== DATASET EXTRACT ==
============

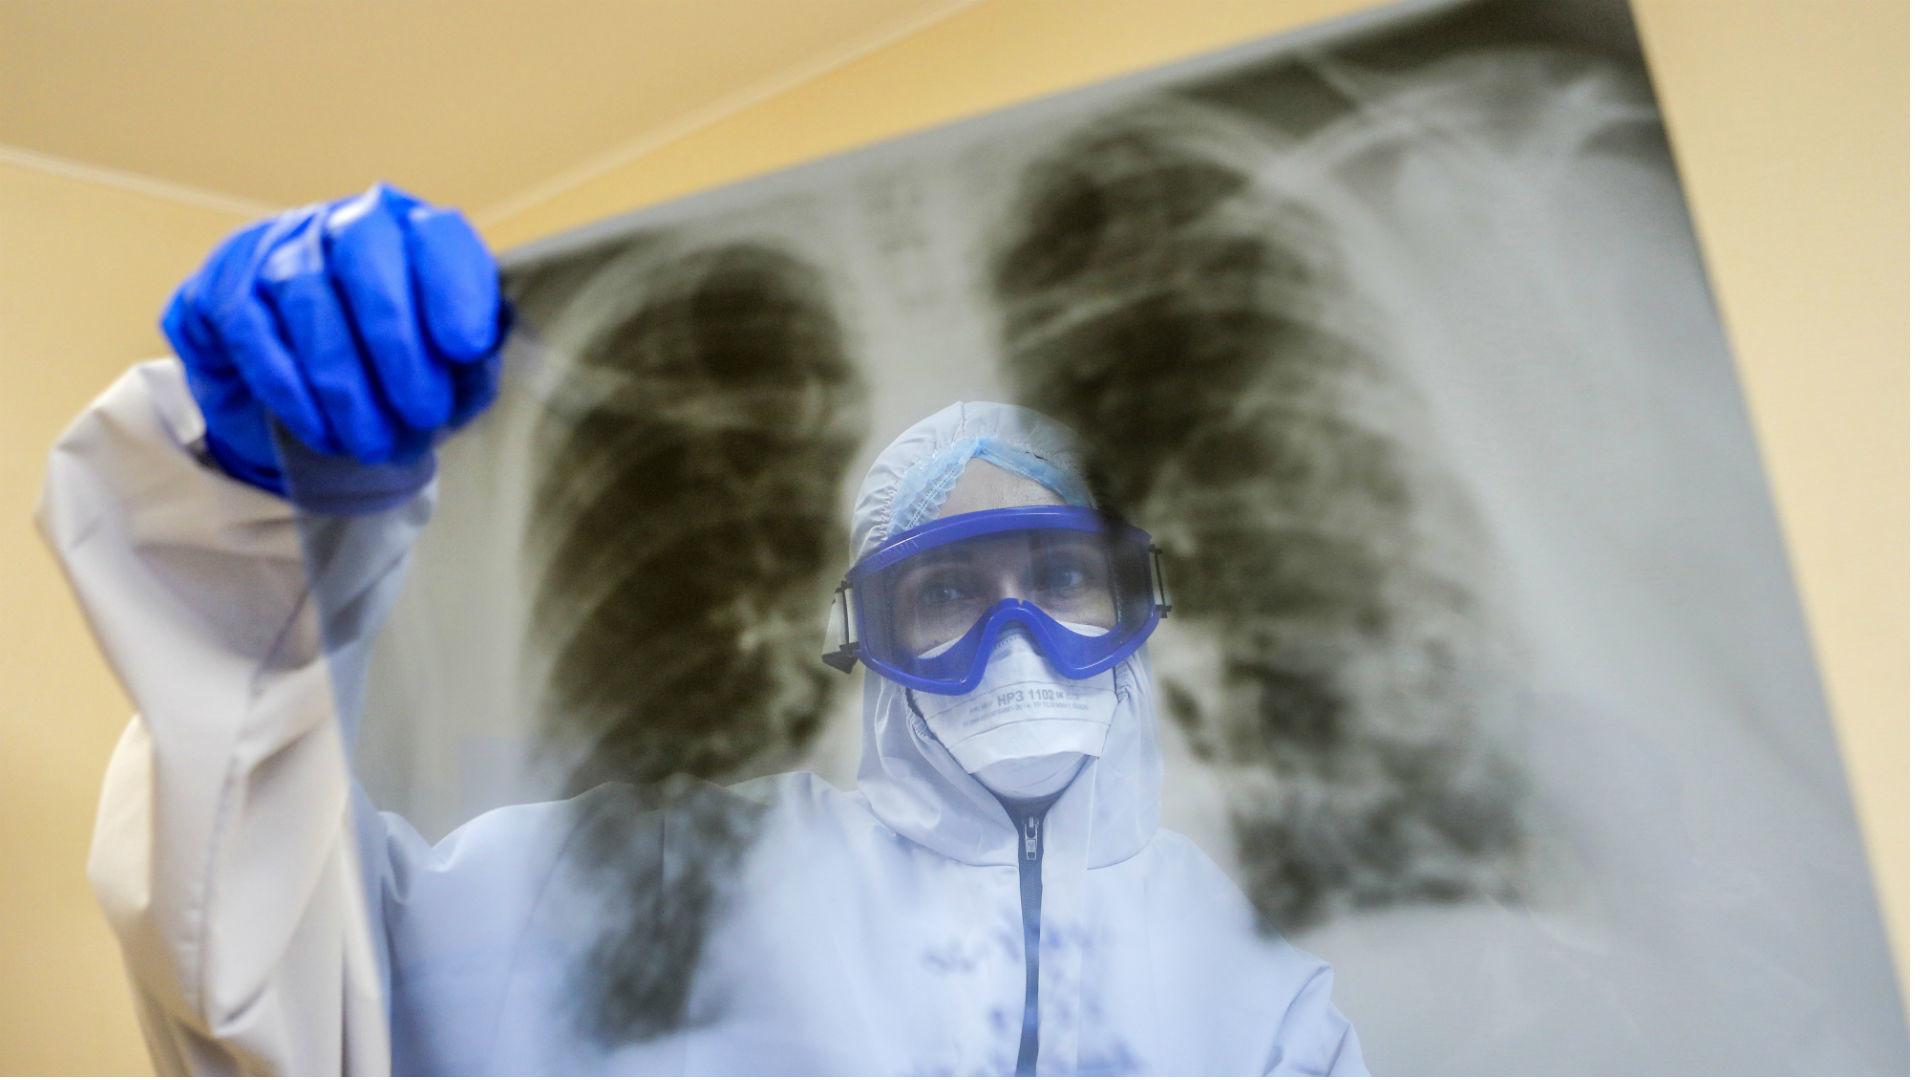 Regionlarda ödənişsiz döş qəfəsinin rentgen müayinələri təşkil edilib
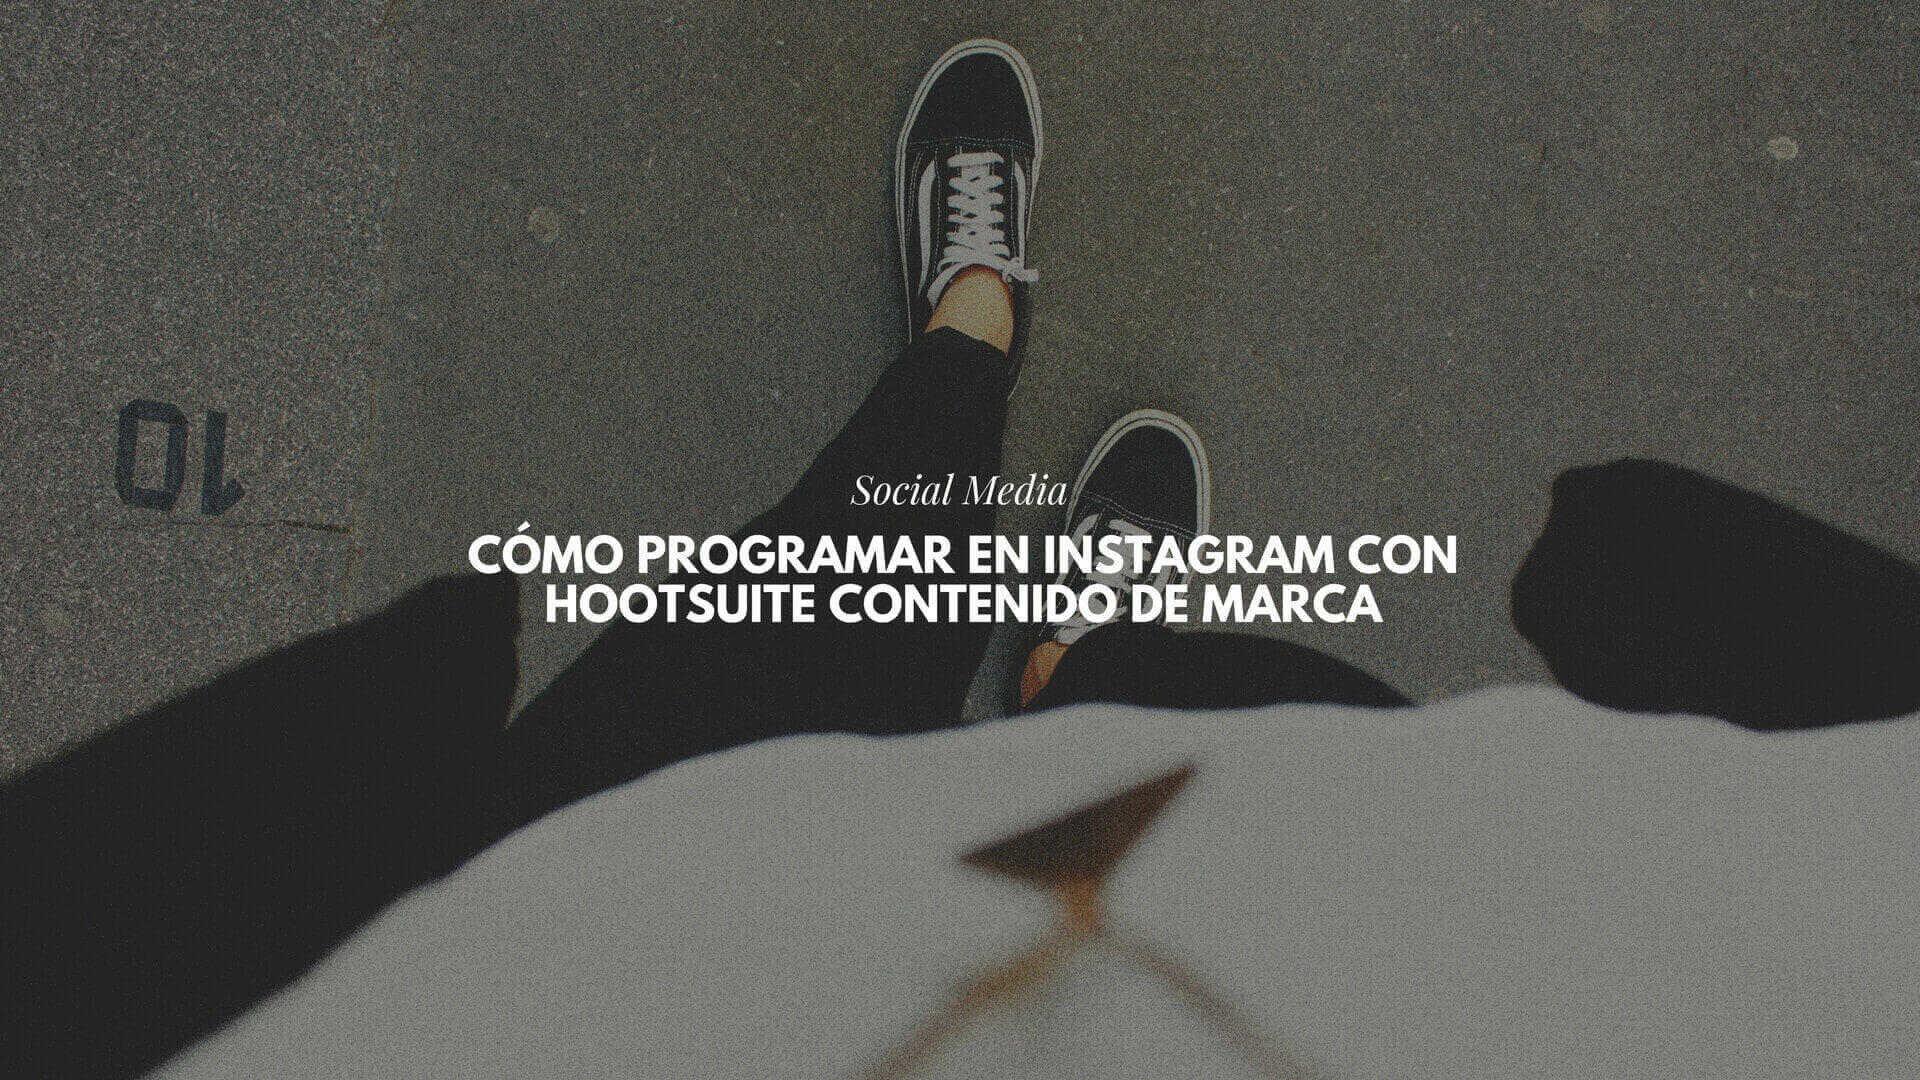 Cómo programar en Instagram con Hootsuite contenido de marca
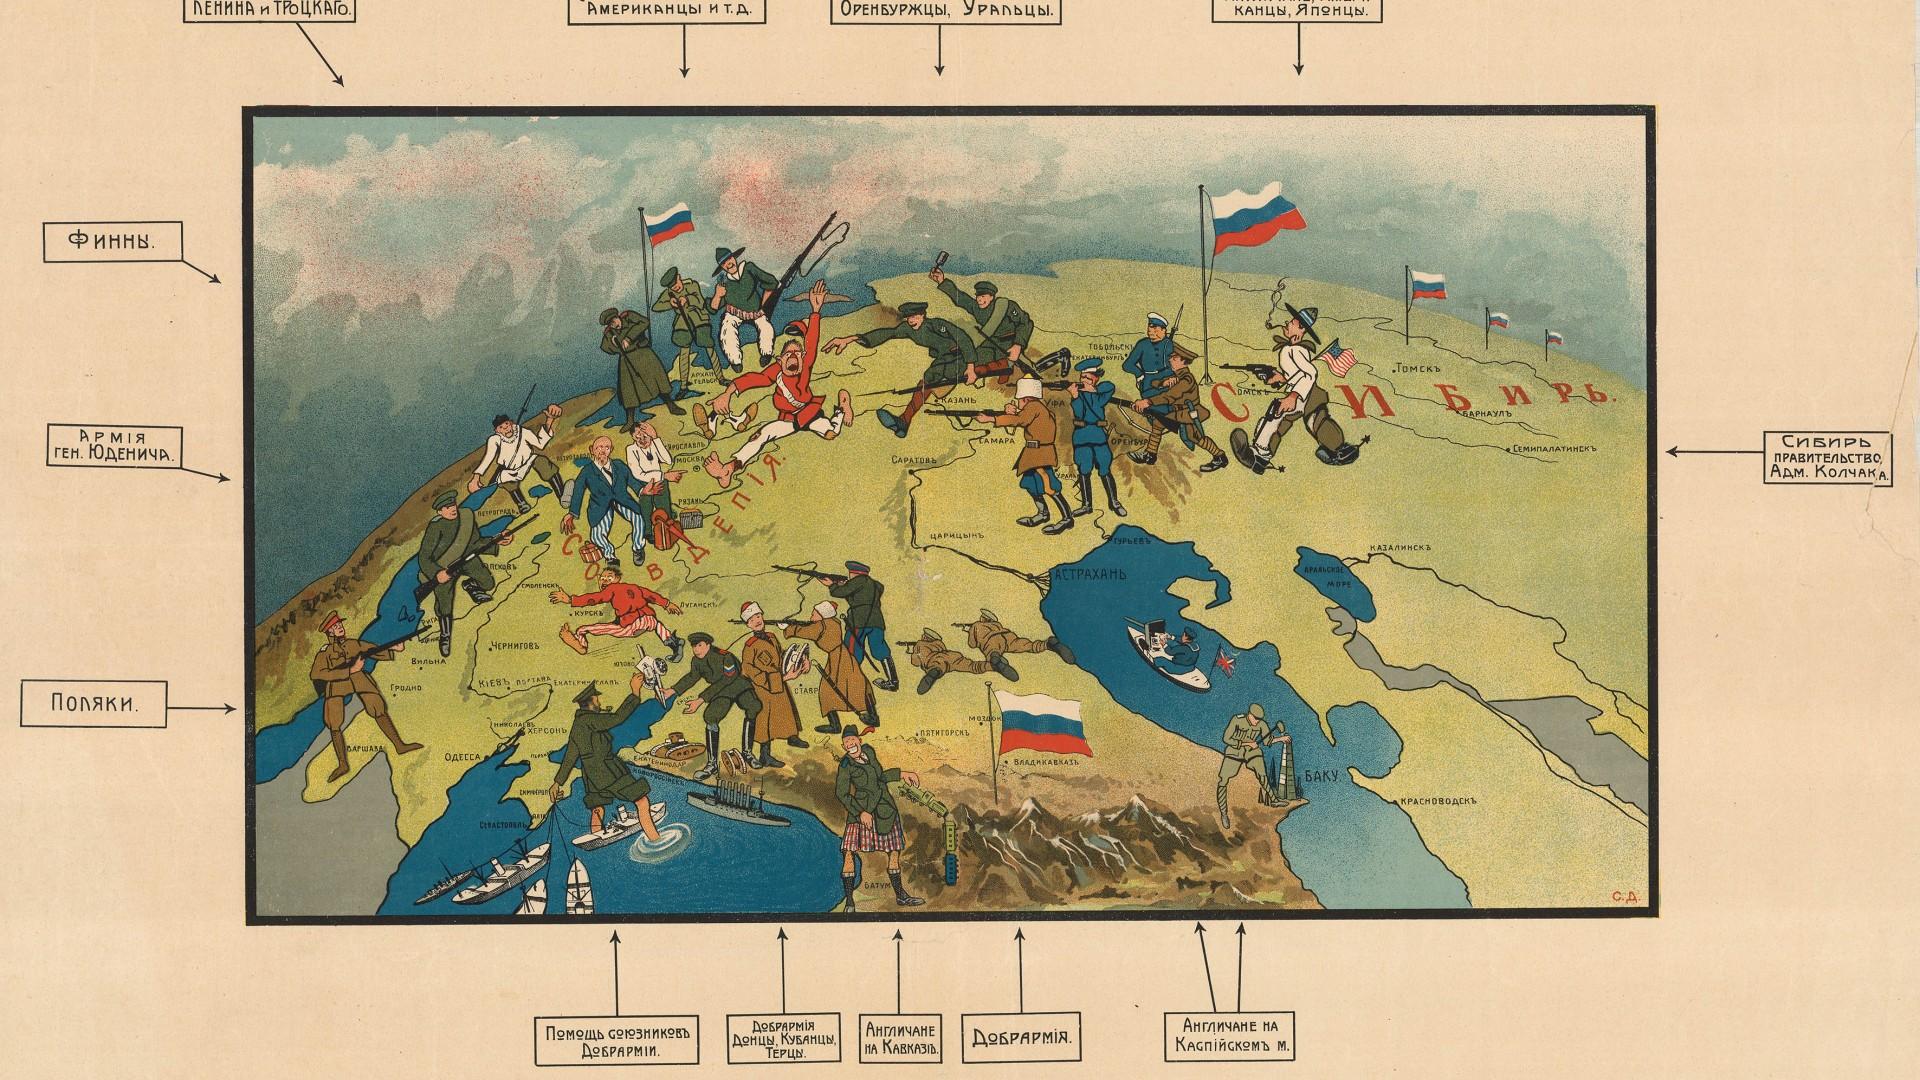 Humoristische Karte Von Europa 1914.Humoristische Karte Von Europa Im Jahre 1914

============

== EXERCISE REQUIREMENTS ==
The whole listing should be printed again exactly as written, images excluded.

== SOLVED EXERCISE ==
 Regionlarda ödənişsiz döş qəfəsinin rentgen müayinələri təşkil edilib
 Cómo programar en Instagram con Hootsuite contenido de marca
 Humoristische Karte Von Europa 1914.Humoristische Karte Von Europa Im Jahre 1914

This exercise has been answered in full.